In March, the first class of pilots graduated from the Undergraduate Pilot Training 2.5 program, which includes the lessons and techniques developed under Pilot Training Next. Those 10 new pilots got their wings after seven months of instruction, as opposed to the traditional yearlong process.

This technology- and AI-fueled revamp of undergraduate pilot training is fully in effect at Vance, as well as Joint Base San Antonio-Randolph in Texas. This fall, it will launch at Columbus, and then at Laughlin next spring.

The Air Force earlier this year began a program called Accelerated Path to Wings, which aims to graduate new pilots after about nine or 10 months, quicker than the traditional year timeframe. Some students in that course came in with previous flight experience, allowing them to move through the process faster. Others already know which aircraft they want to fly, such as mobility aircraft or helicopters, so the program allows them to go straight to the T-1 Jayhawk trainer or training helicopters, and skip the usual period of flying the T-6, after finishing their preflight academics.

Another planned program, called Helicopter Training Next, also would allow aspiring helicopter pilots to go straight to learning to fly rotary-wing aircraft and free up about 90 T-6 training slots per year, Webb said.

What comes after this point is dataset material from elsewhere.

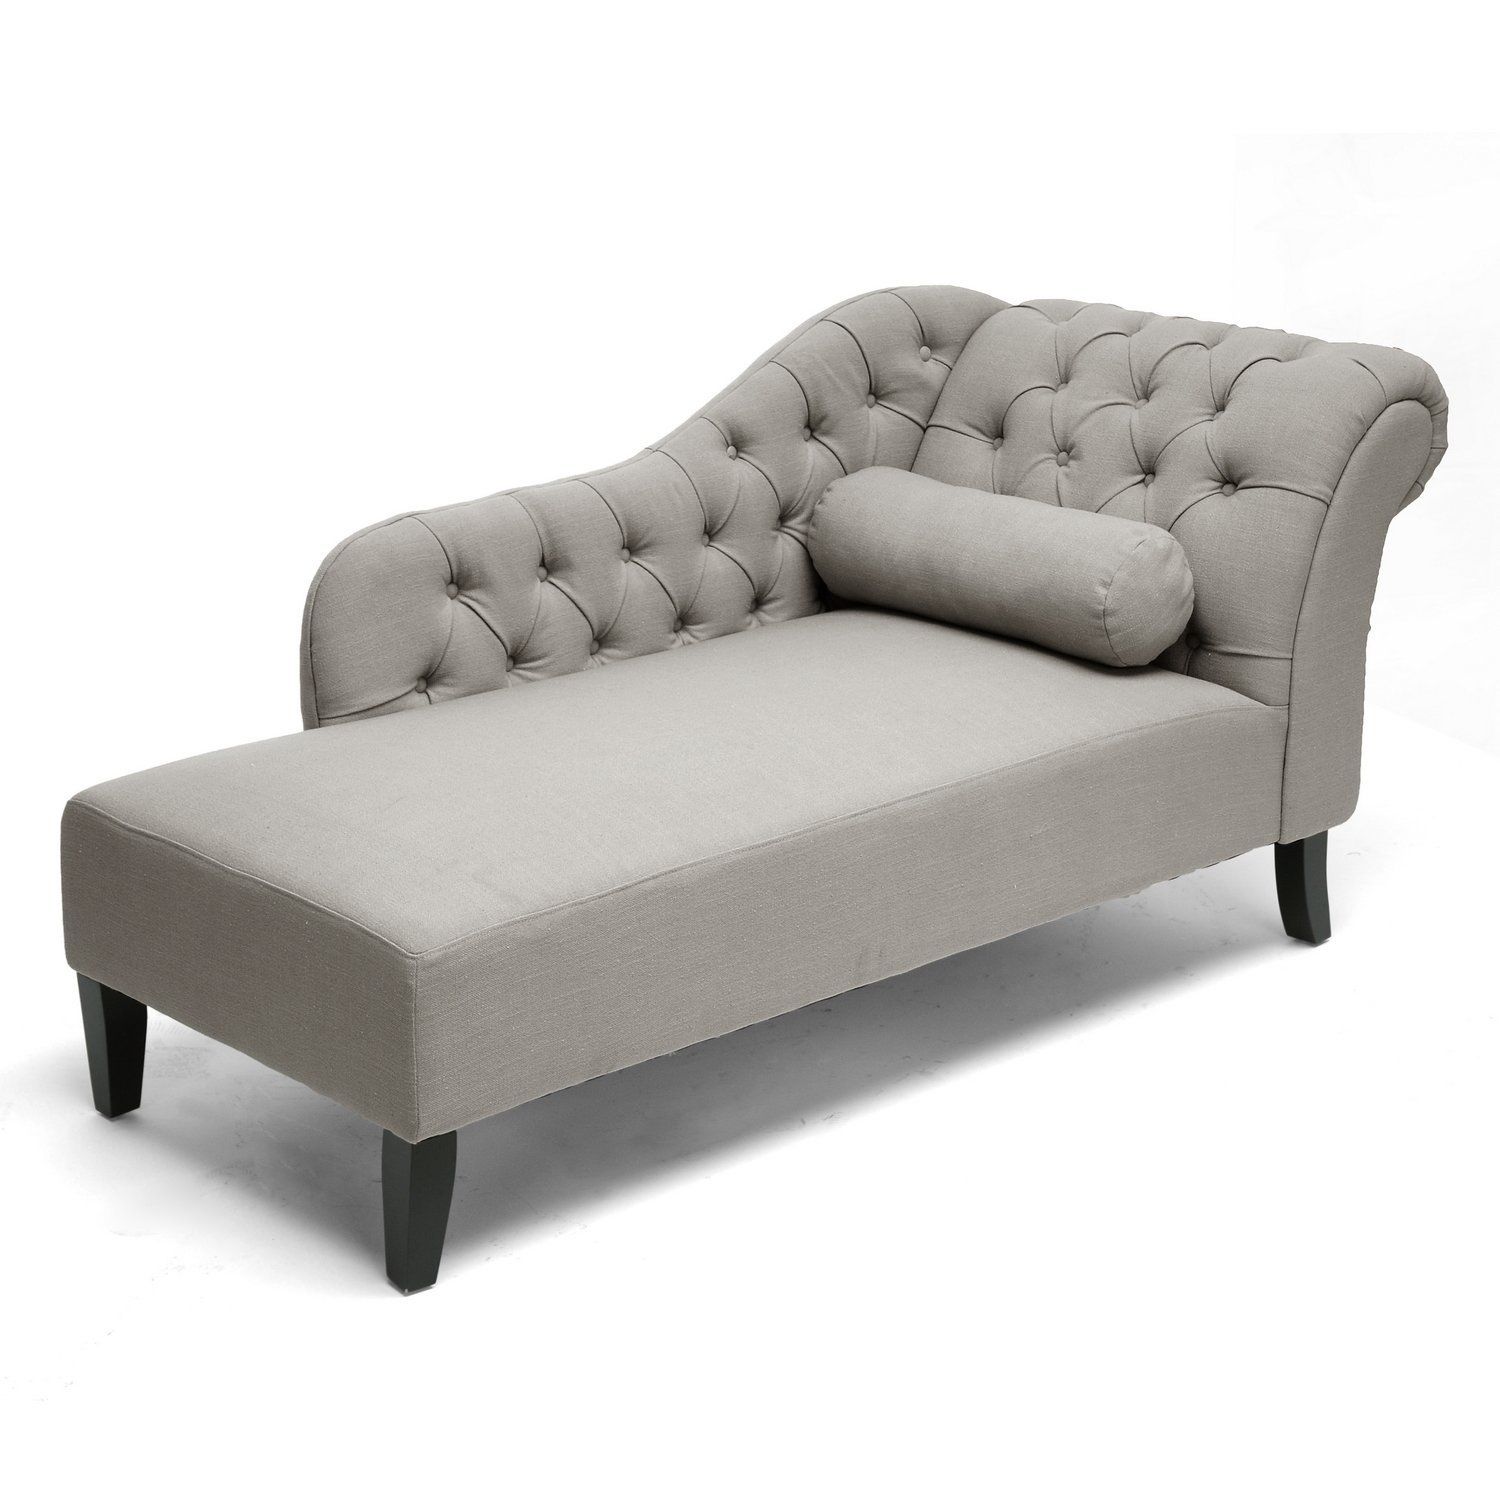 Grey Chaise Lounges Regarding Best And Newest Furniture: Grey Leather Chaise Lounge Chair (View 14 of 15)
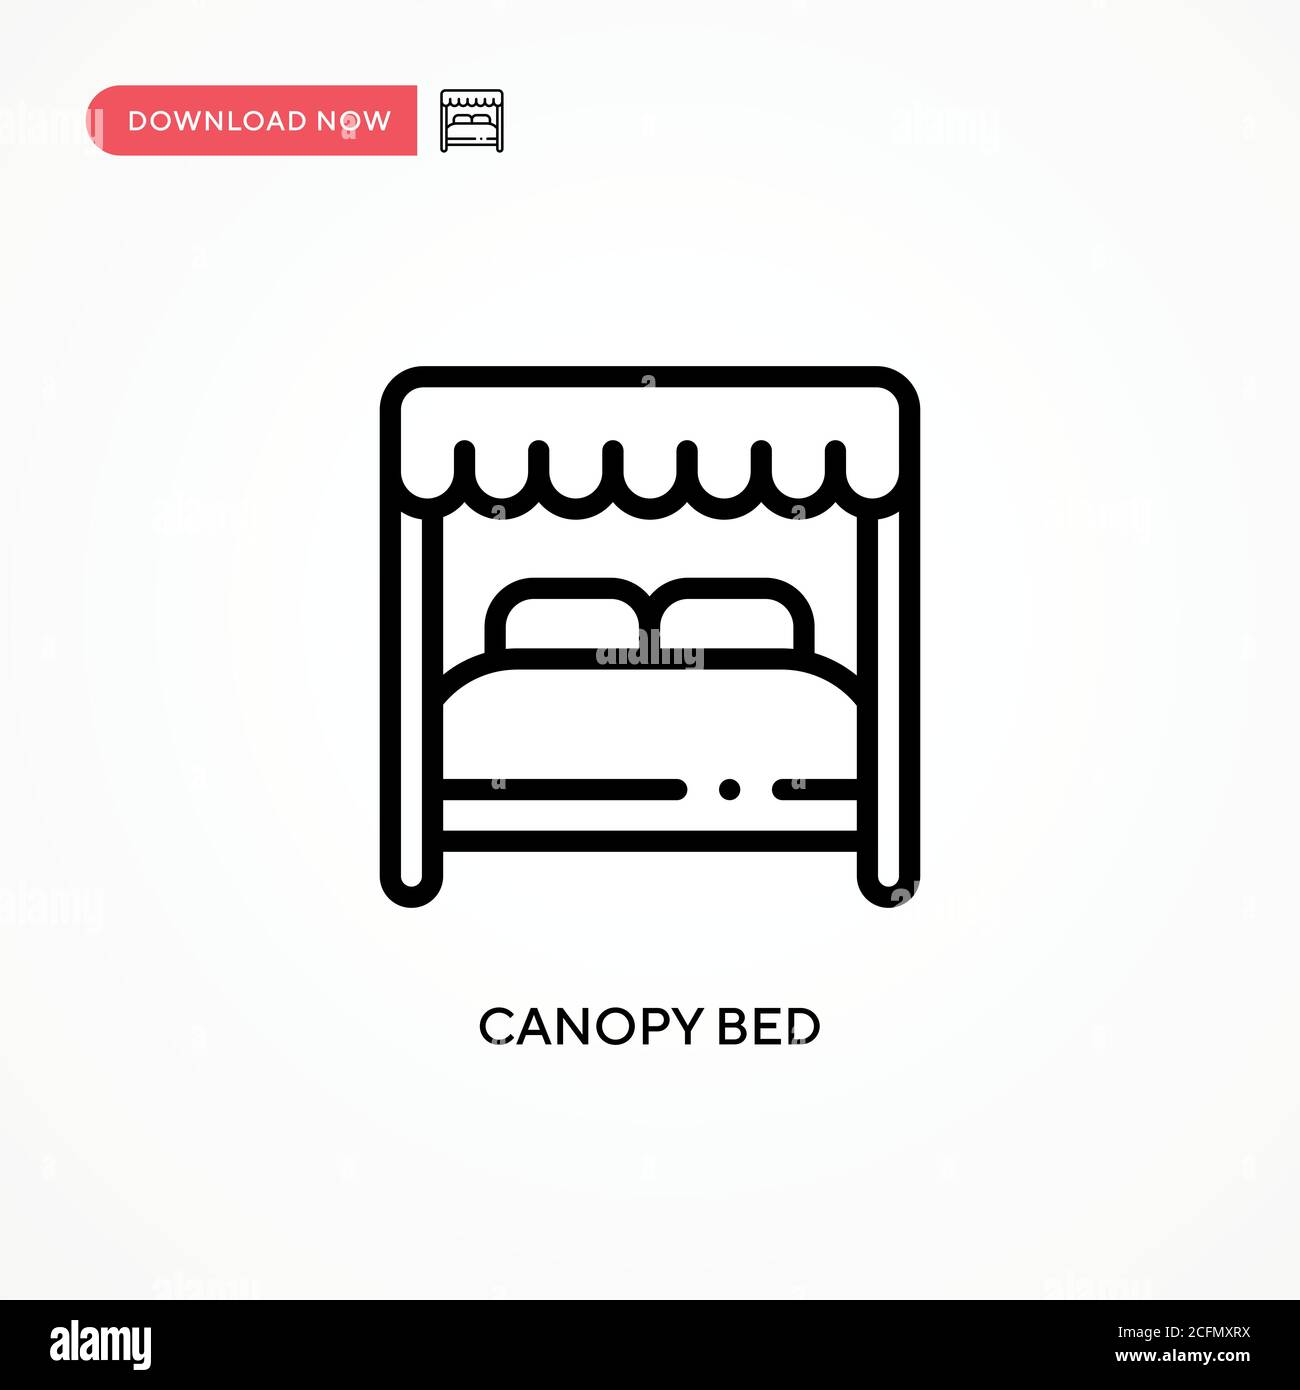 Canopy bed vector icon. Modern, simple flat vector illustration for web site or mobile app Stock Vector

The Air Force is still heavily focused on VR technologies, looking at training for jobs beyond flying aircraft, such as for maintainers or civil engineers, under a program now called Tech Training Transformation.

A detachment at Kelly Field in San Antonio, Texas, is developing training methods that use VR goggles and a "virtual hangar" that maintainers-in-training, or other airmen, can use to hone their skills.

There are multiple ways this virtual hangar can be used beyond maintenance training. For example, air transportation airmen, who are in charge of loading passengers and cargo aboard aircraft, can practice driving their cargo loading vehicles virtually without tying up a real vehicle.

Or aeromedical evacuation technicians can virtually practice securing all the equipment necessary to safely fly patients experiencing medical emergencies where they need to go.

Eventually, as this technical training technology becomes more standardized and commonplace, other parts of the Air Force outside of AETC could start to take advantage of it, according to officials.

Editor's note: This article has been updated to clarify the reference to the Helicopter Training Next program.